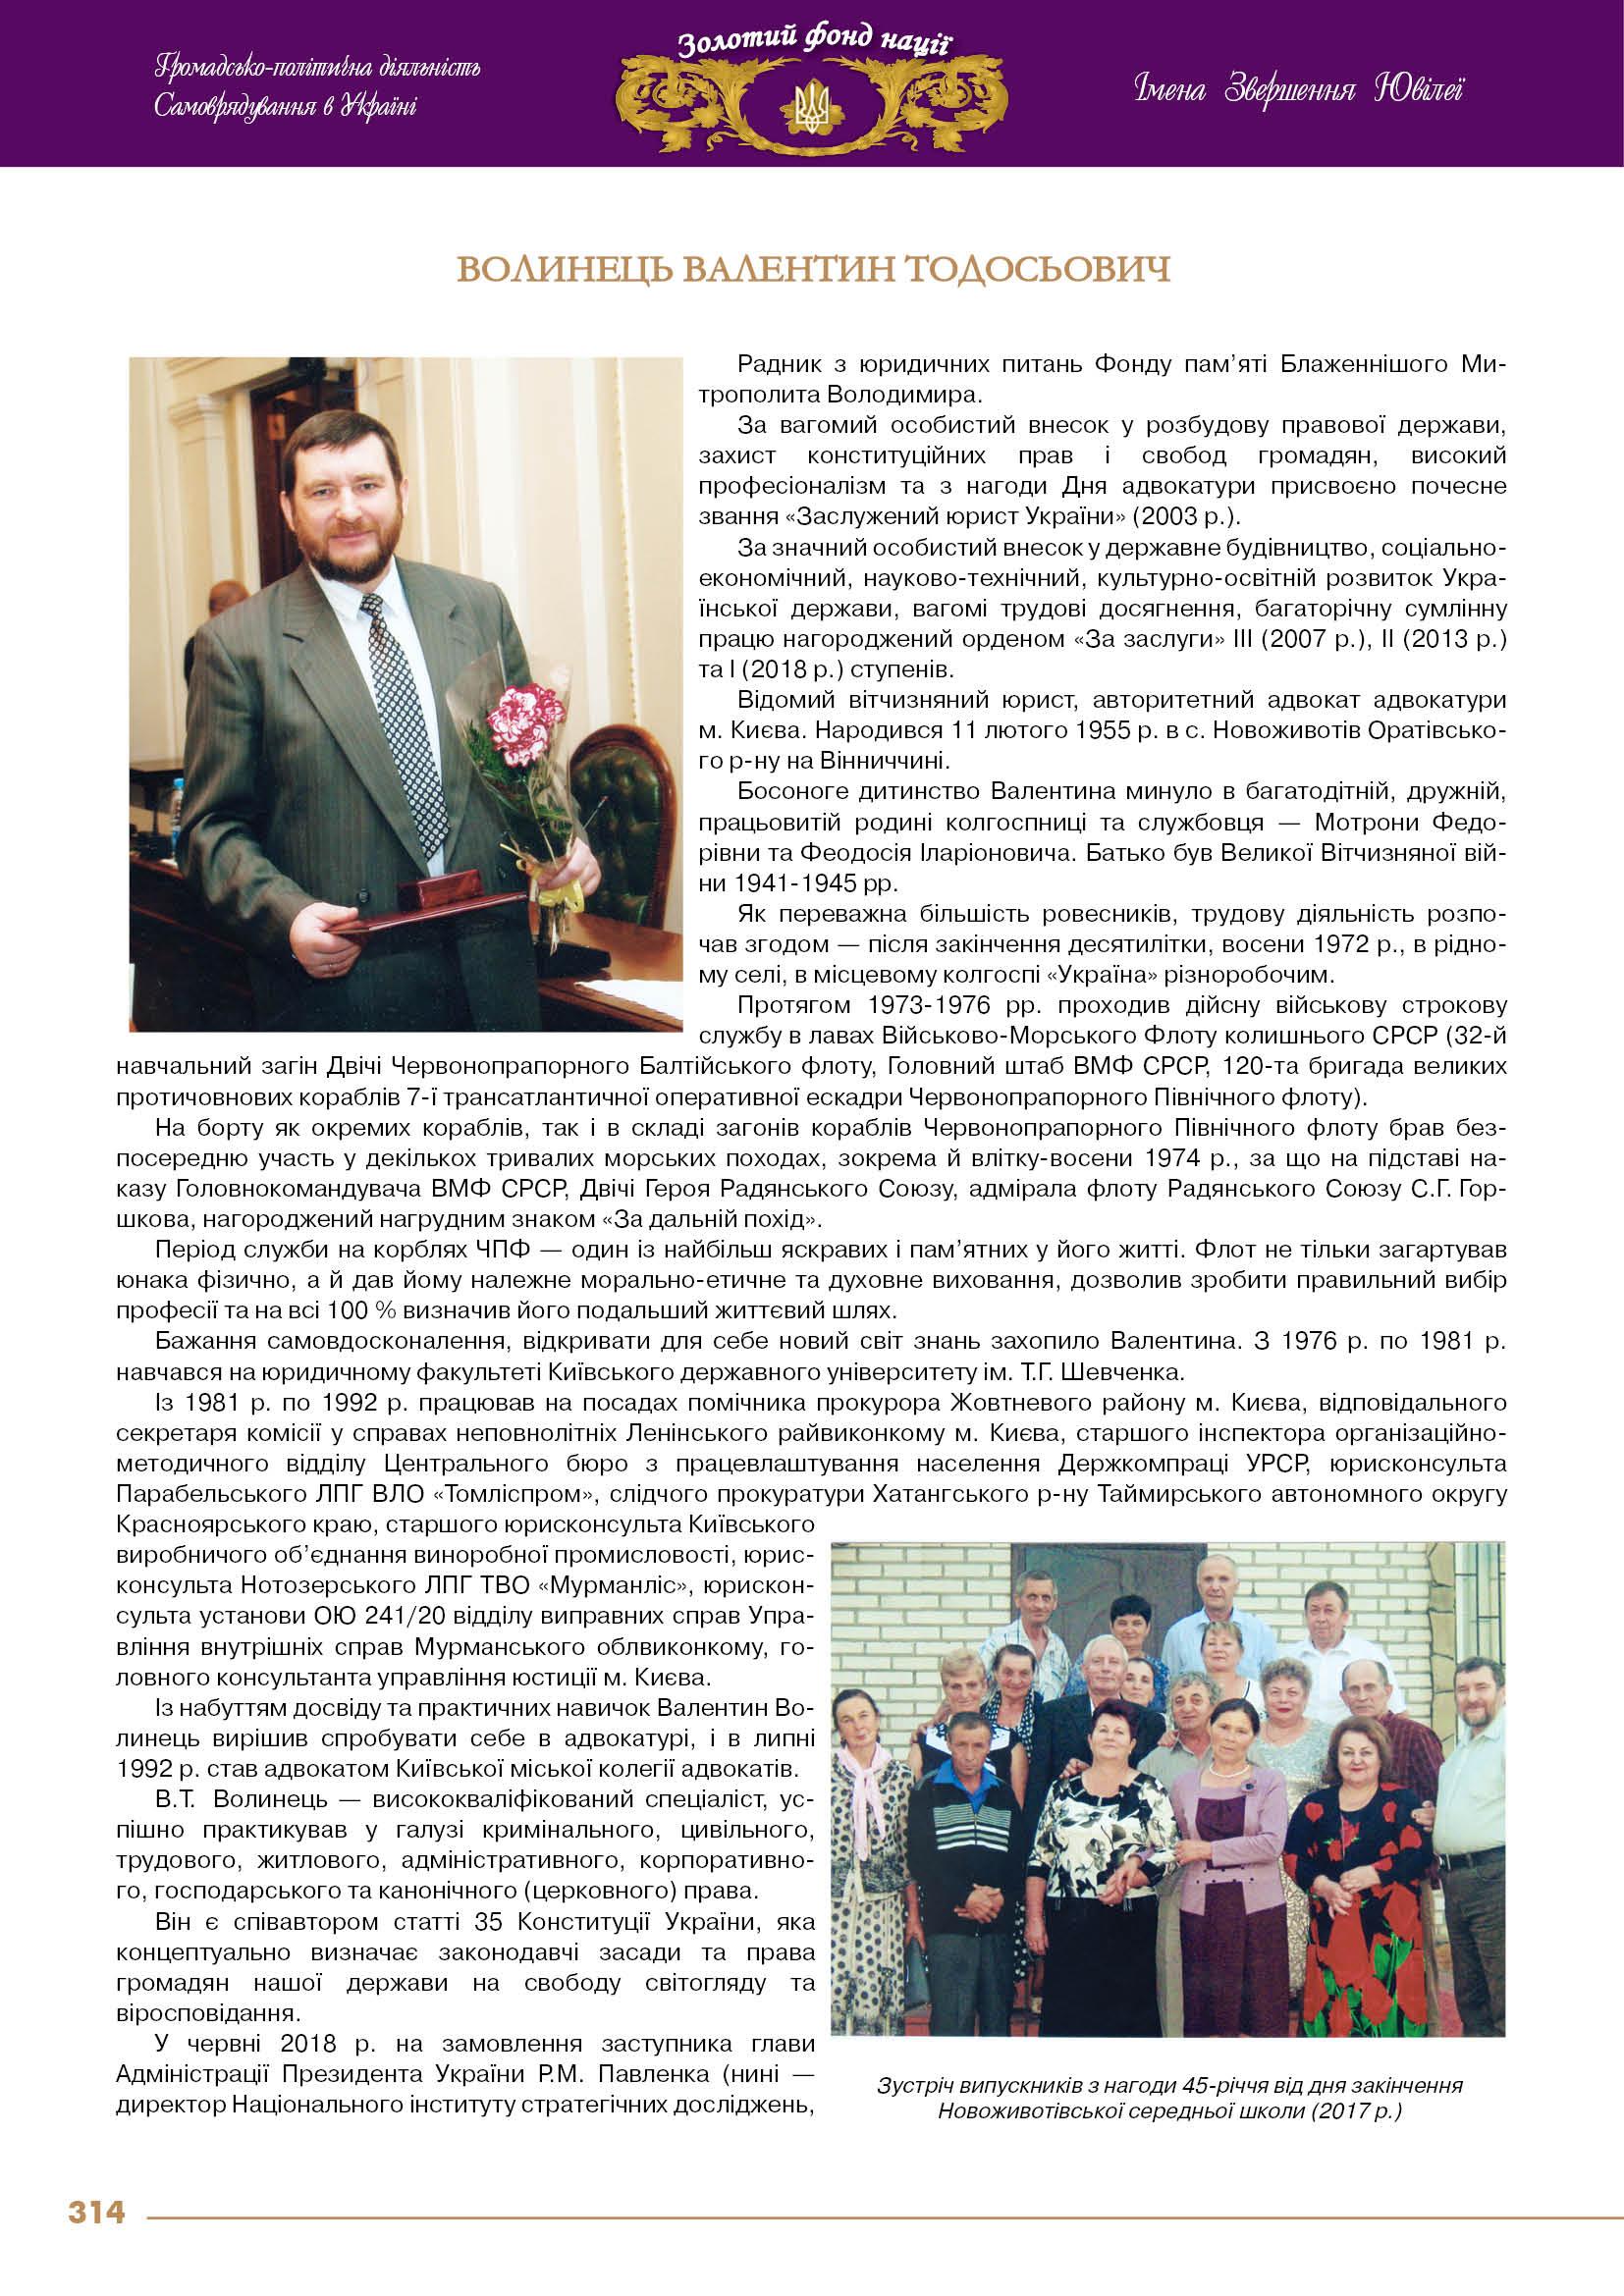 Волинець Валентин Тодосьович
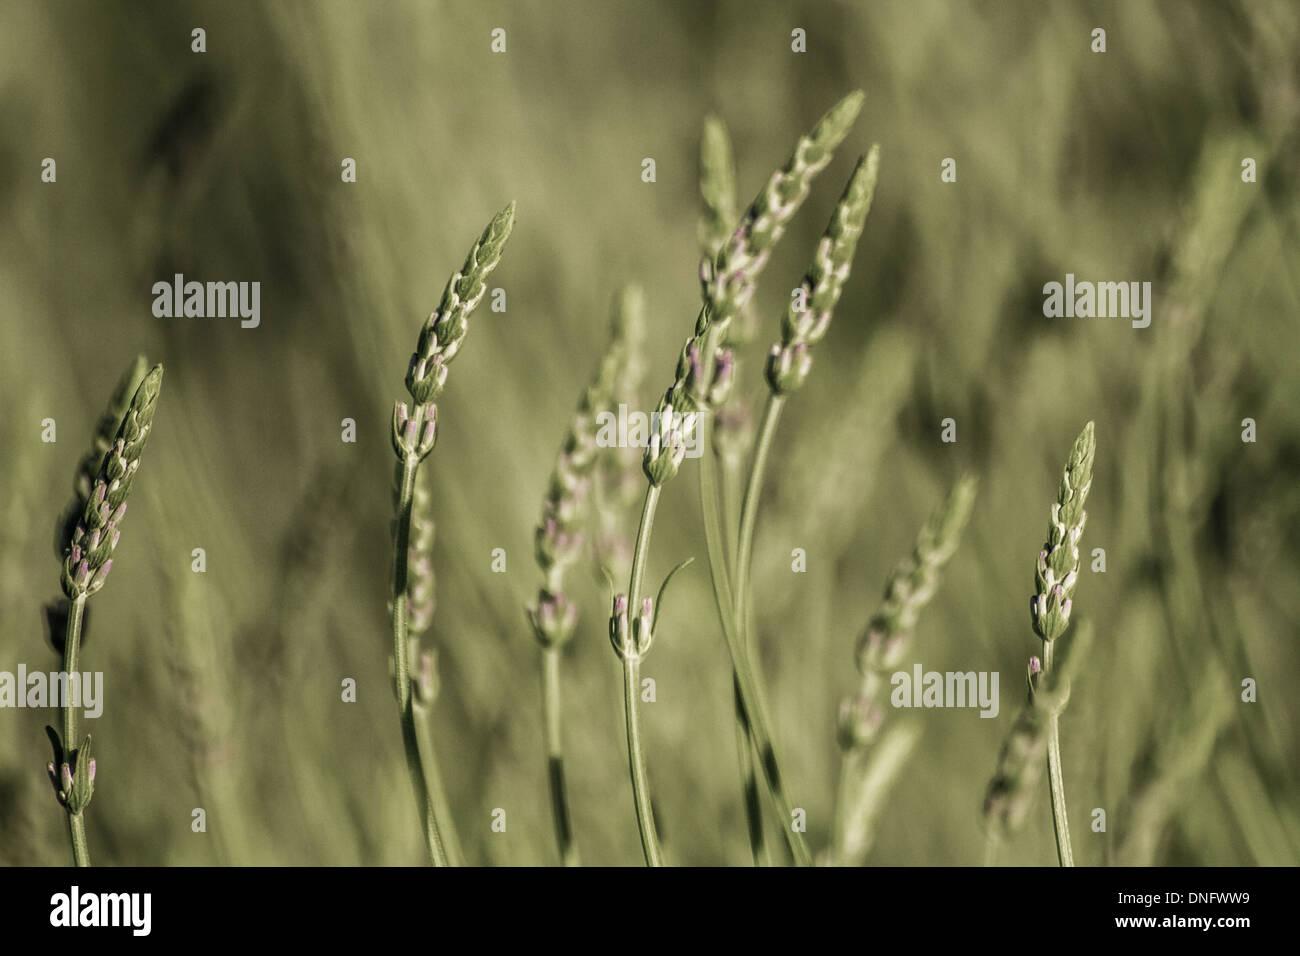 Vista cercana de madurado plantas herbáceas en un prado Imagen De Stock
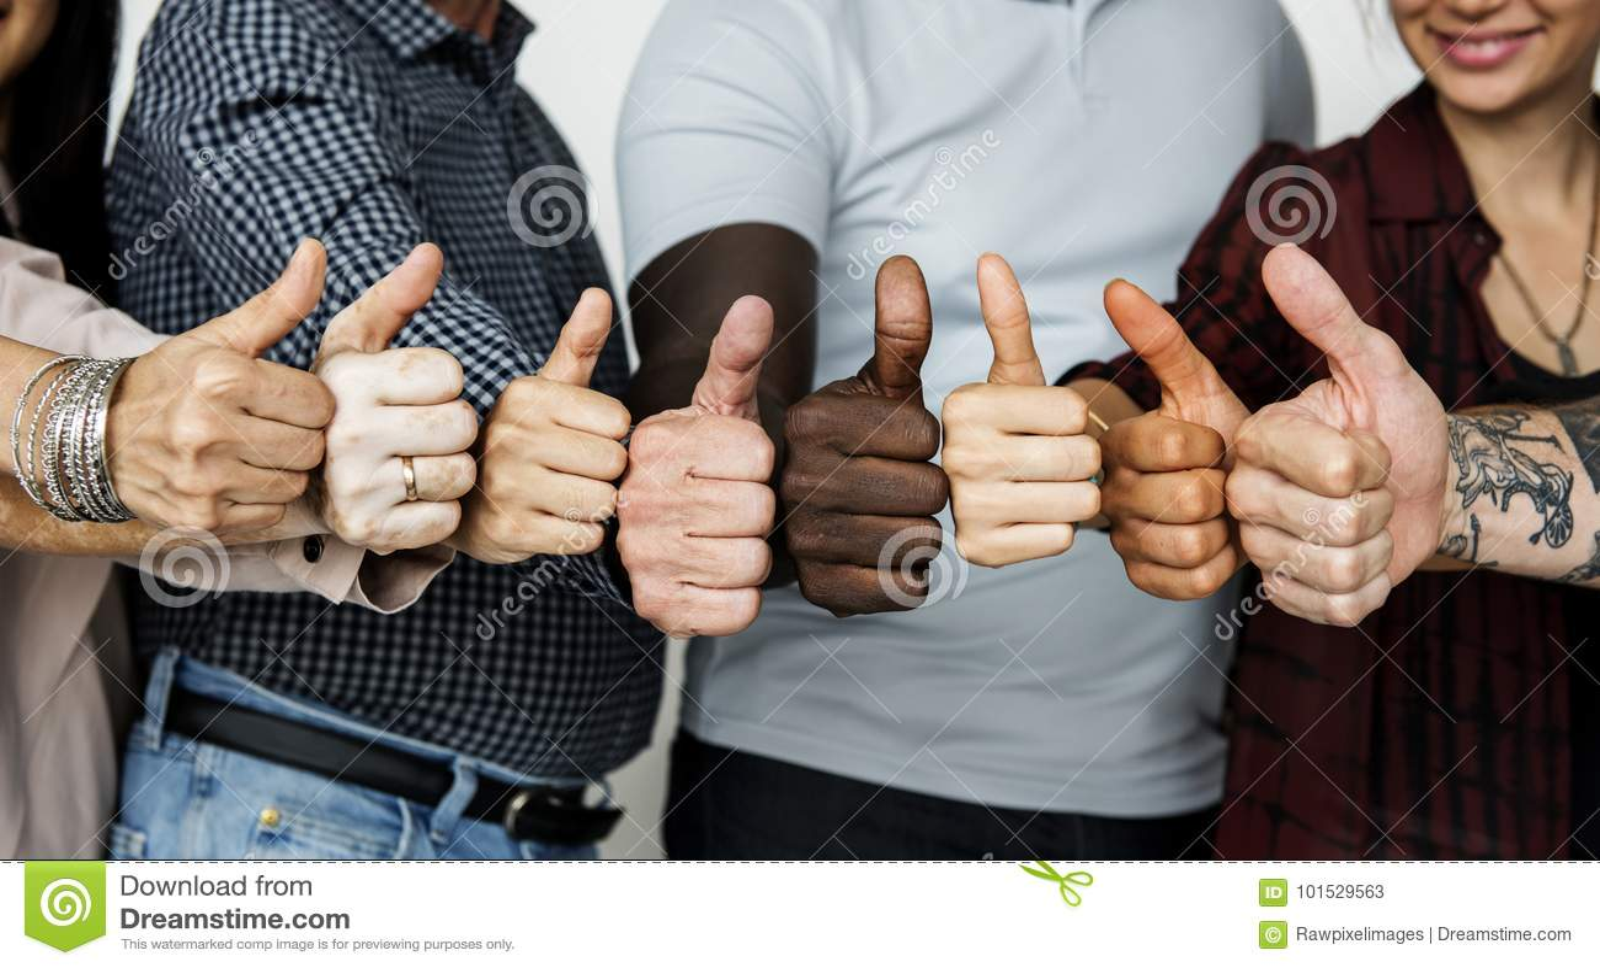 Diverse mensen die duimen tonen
━━━━━━
* _WHAT THE TASK REQUIRES_
From the line holding "Vista cercana de" to the final line of the data above, give each line again exactly, both ends included, and drop the pictures.

* _OUTPUT_
 Vista cercana de madurado plantas herbáceas en un prado Imagen De Stock
 Diverse mensen die duimen tonen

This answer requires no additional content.